▸ **THE TASK**: Find the line containing "Small Batch Dinner" in the records below. Copy exactly that line and each one after it, ending at the line containing "AJ Allmendinger (right)", and nothing more.

▸ **ENTRIES SHOWN**:
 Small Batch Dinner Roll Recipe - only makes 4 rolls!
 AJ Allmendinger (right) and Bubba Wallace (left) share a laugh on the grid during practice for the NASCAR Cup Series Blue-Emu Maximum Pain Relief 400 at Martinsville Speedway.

* * *

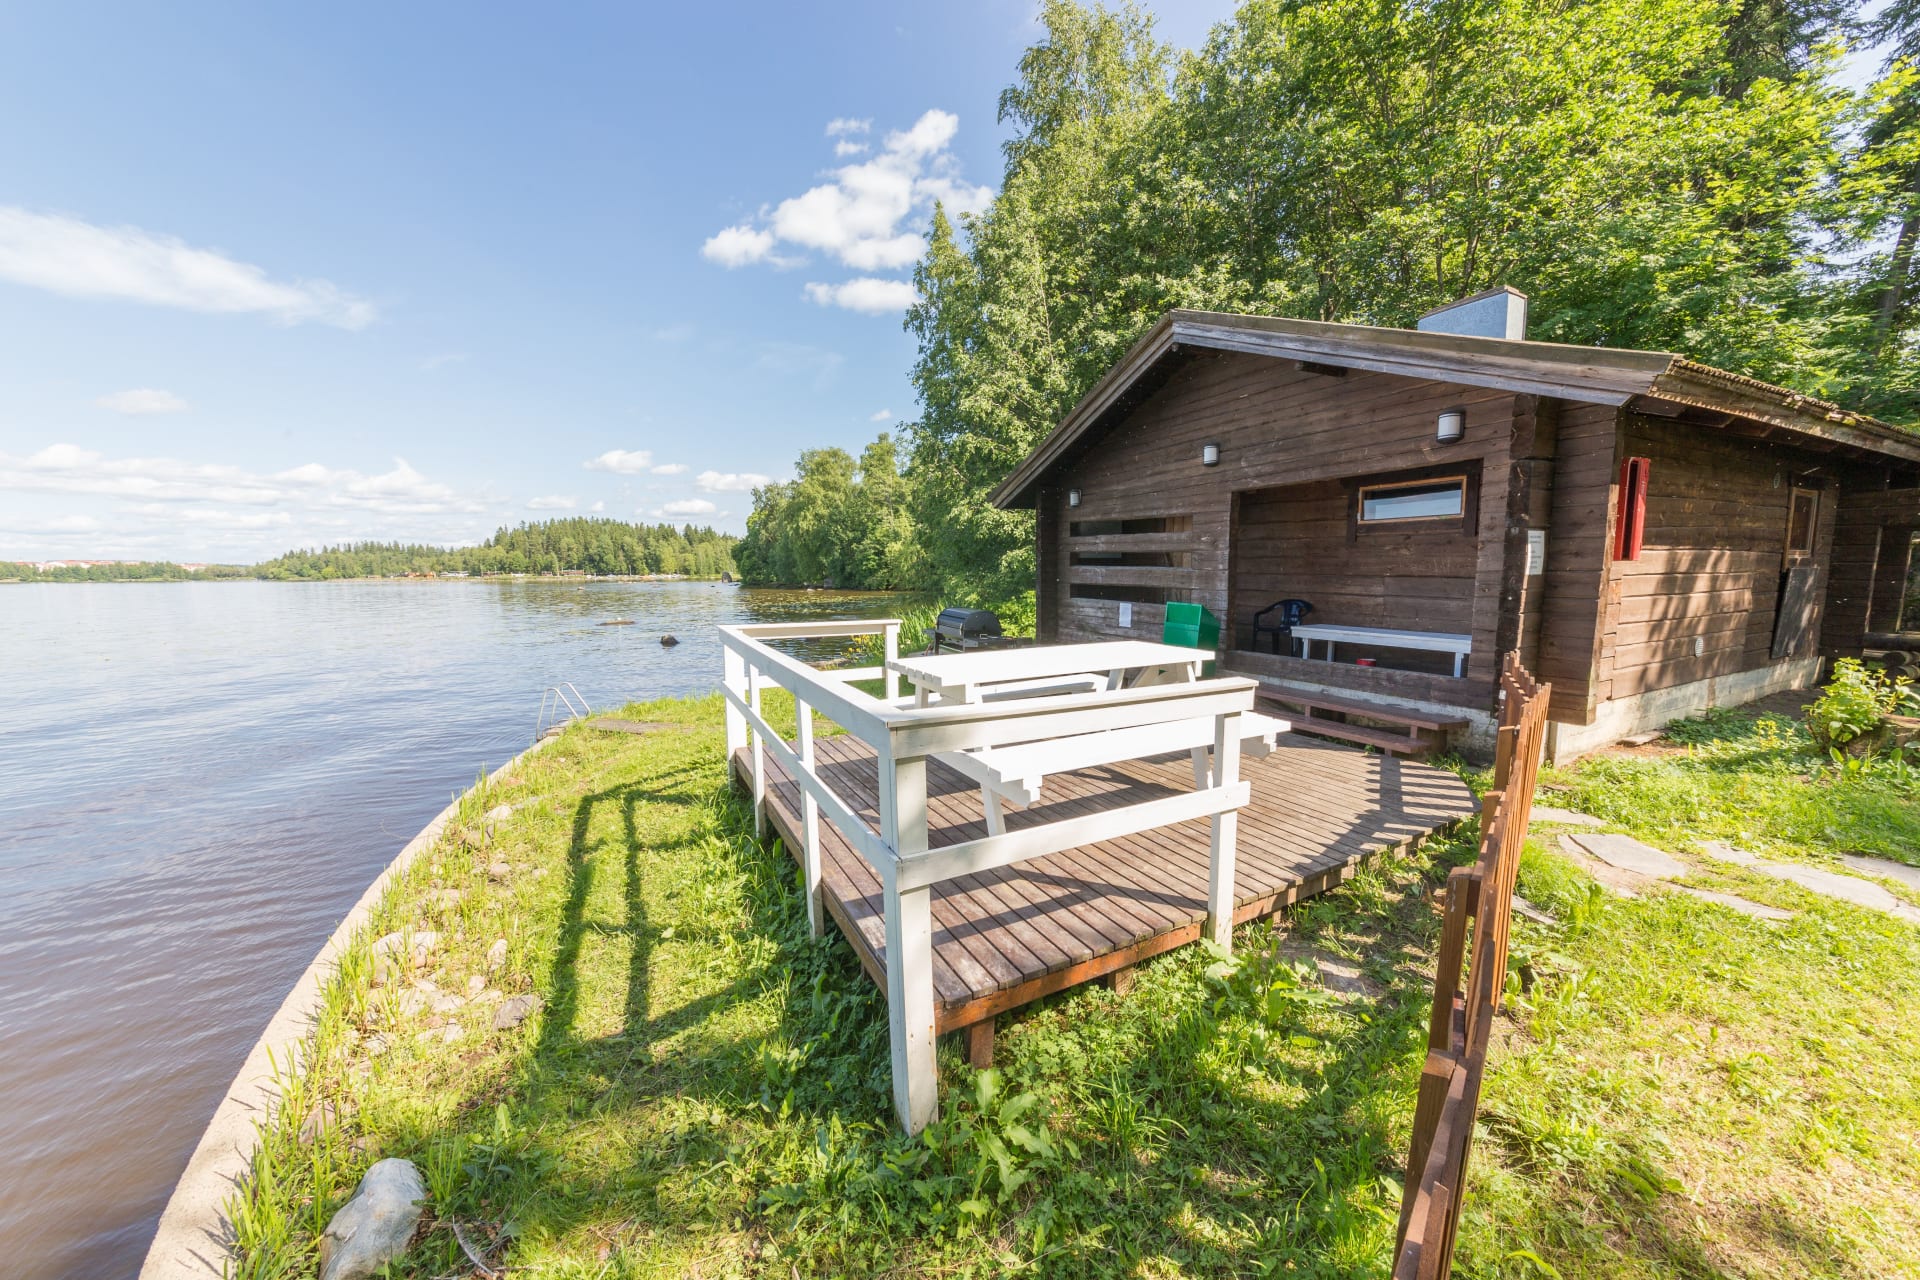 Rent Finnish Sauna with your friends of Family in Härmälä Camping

▸ **RESPONSE TO THE TASK**:
 Small Batch Dinner Roll Recipe - only makes 4 rolls!
 AJ Allmendinger (right) and Bubba Wallace (left) share a laugh on the grid during practice for the NASCAR Cup Series Blue-Emu Maximum Pain Relief 400 at Martinsville Speedway.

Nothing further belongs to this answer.